This year, North Vancouver’s Sylvie Pather and Dr. Lois Nahirney received the commendation. Last year, Sylvie also received the Spirit Award from North Shore Neighbourhood House for her services to the community.

Sylvie was raised in a country and culture very far removed from her present home. South Africa was in the grip of apartheid and Pretoria, her home, was the epicentre of the system. It is telling that apartheid commenced in 1948, the year Mahatma Gandhi was assassinated.

Her parents gave their daughter the name Silvakantie – speakers of Hindi will know the name honours the Mahatma. Sylvie and her siblings were taught to give their time and energy generously to help others. That was one great gift from the siblings’ parents.

The other was independence when it came to both thought and choice.

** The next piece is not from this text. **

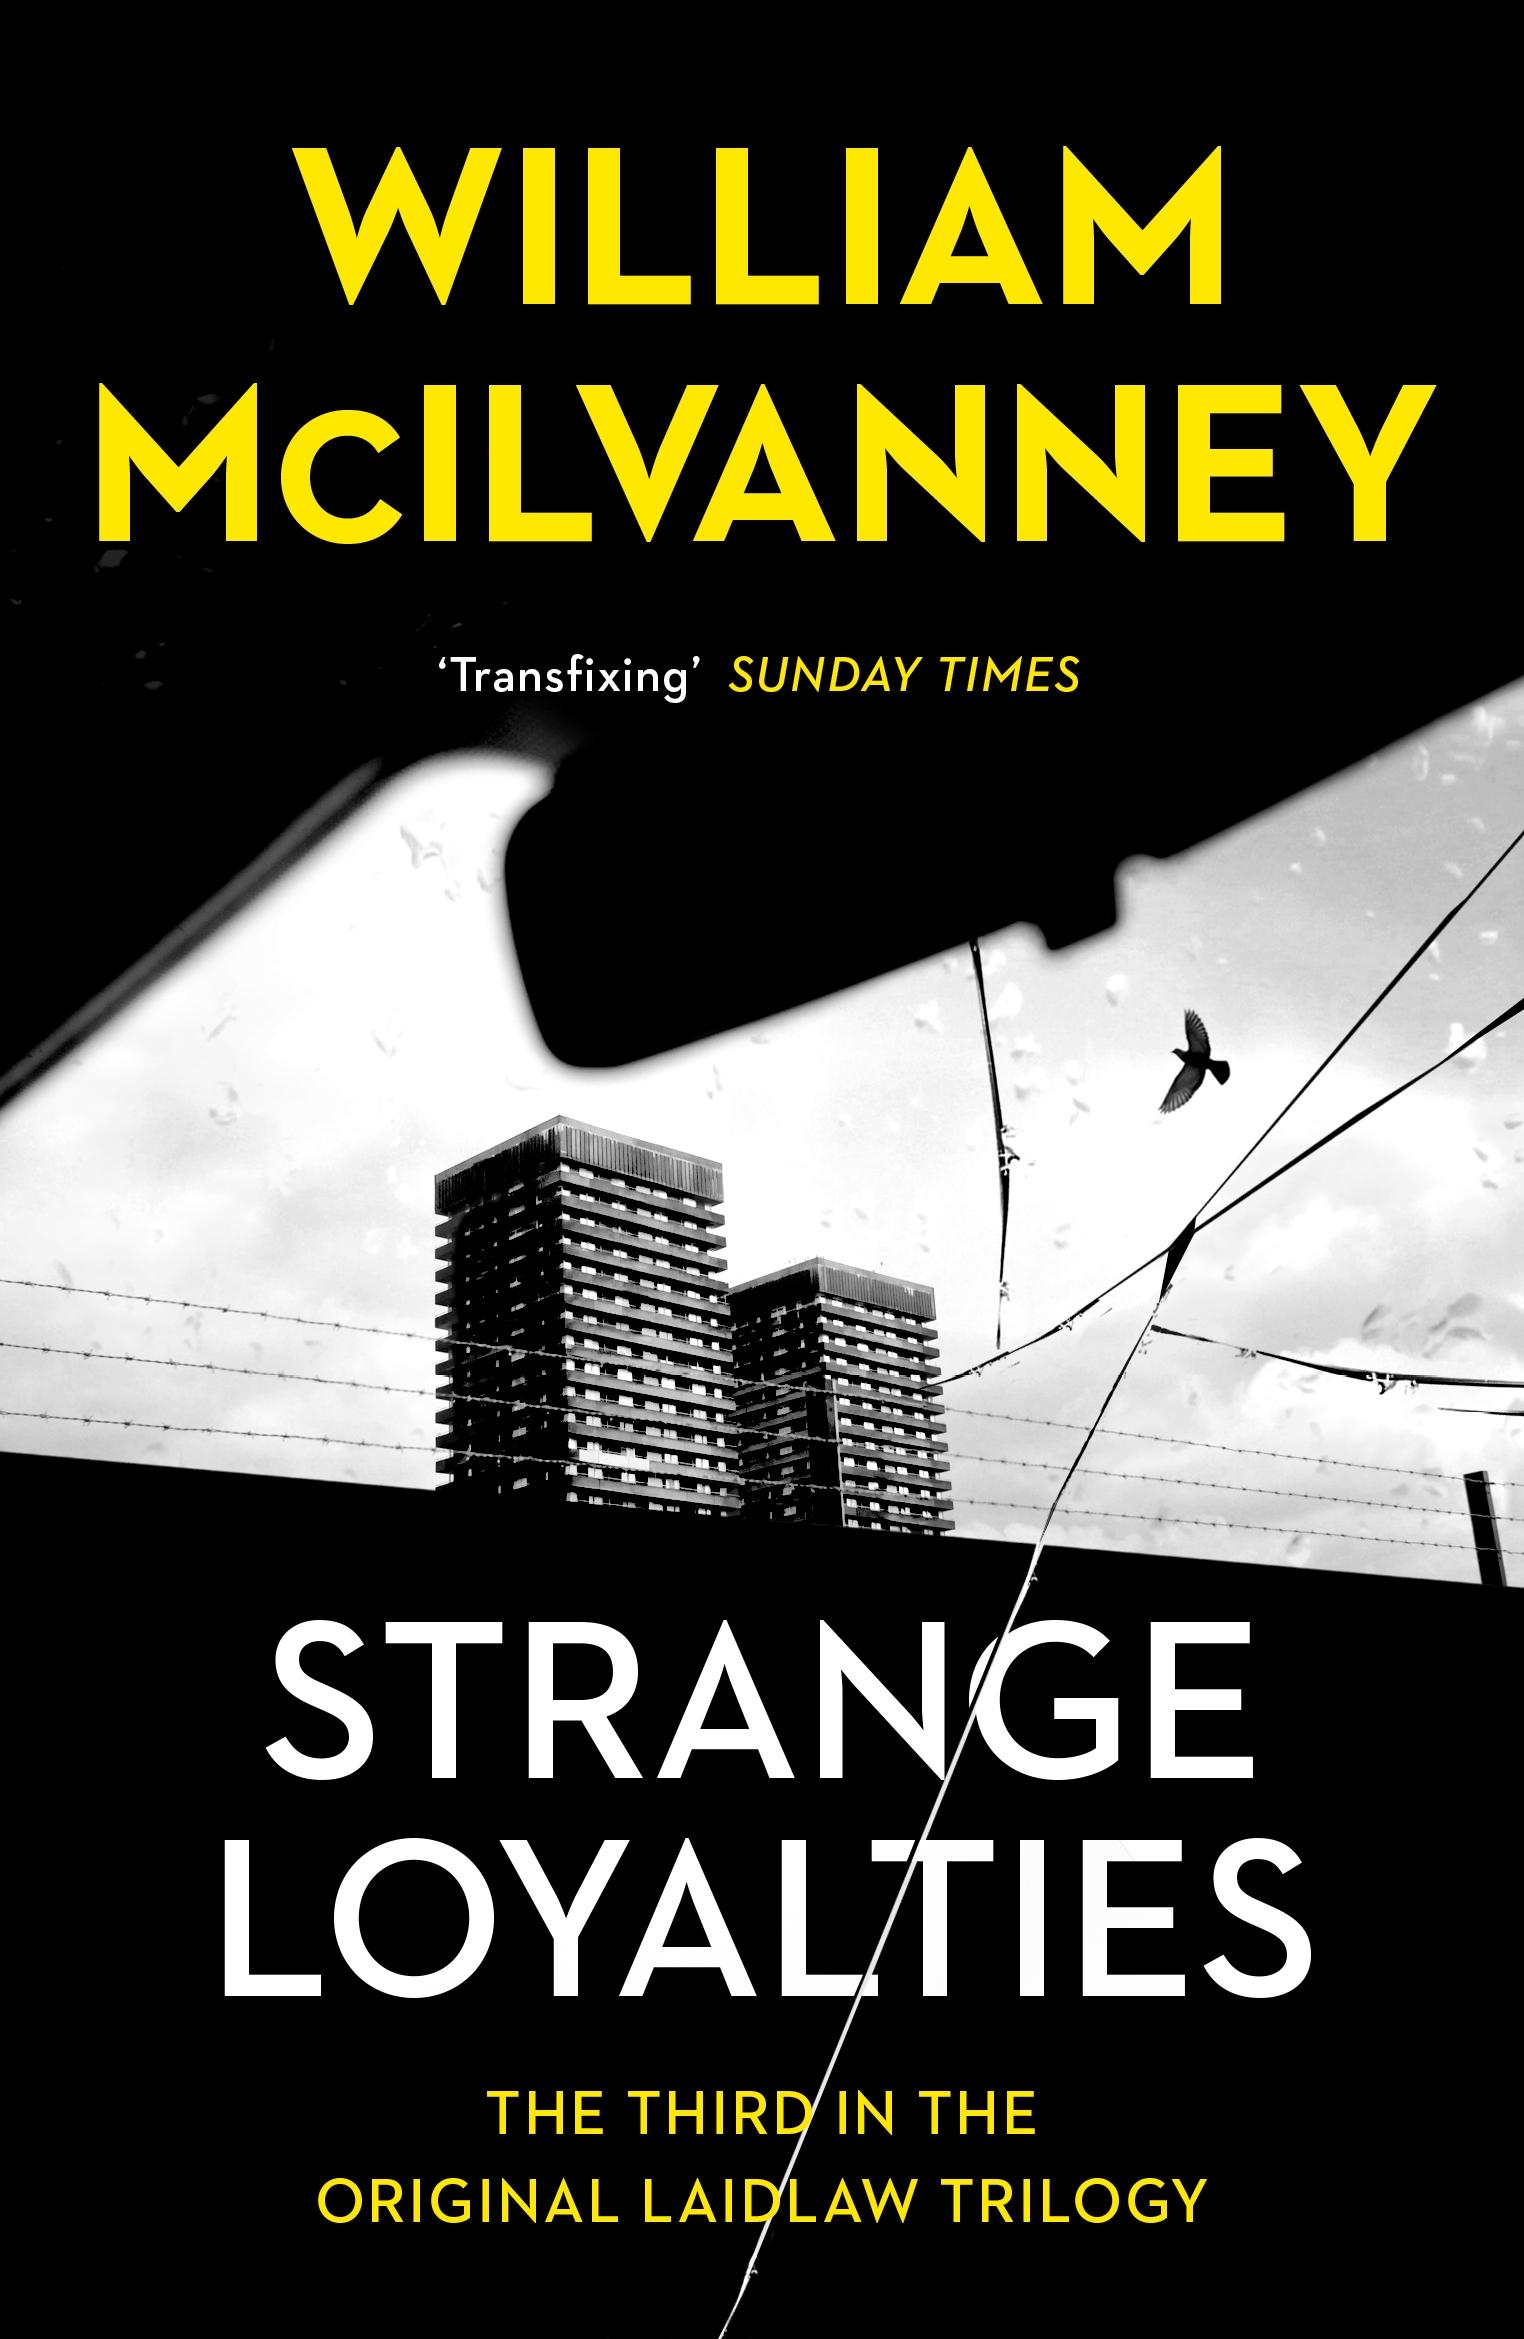 Strange Loyalties by William McIlvanney paperback cover

Sylvie was encouraged to train as a nurse, even though this was something that was just not done in the Indian culture of South East Africa.

In 1973, Sylvie’s husband, Amarasan, made the decision to leave the constrictions and brutality of apartheid and make a new life for his family in Canada. They arrived in Toronto in December.

“It was full of snow,” Sylvie remembers, “and we thought it would be the same in Vancouver. Crossing the Lions Gate Bridge, everything was so beautiful and green and we were so happy.”

Settling in North Vancouver was a choice Amarasan and Sylvie made. They could have settled among others of Indian heritage and the Hindu religion. Instead, this family, which had never known life outside of an apartheid regime, decided to make a new life in a new community.

There were very few, if any, South Africans of Indian heritage on the North Shore at that time. Sylvie’s parents came to visit, but even the balmy West Coast was too chilly for her mother. Her in-laws, on the other hand, came to visit and stayed on.

The adjustment to being separated from familiar customs led Sylvie to her vocation as a volunteer.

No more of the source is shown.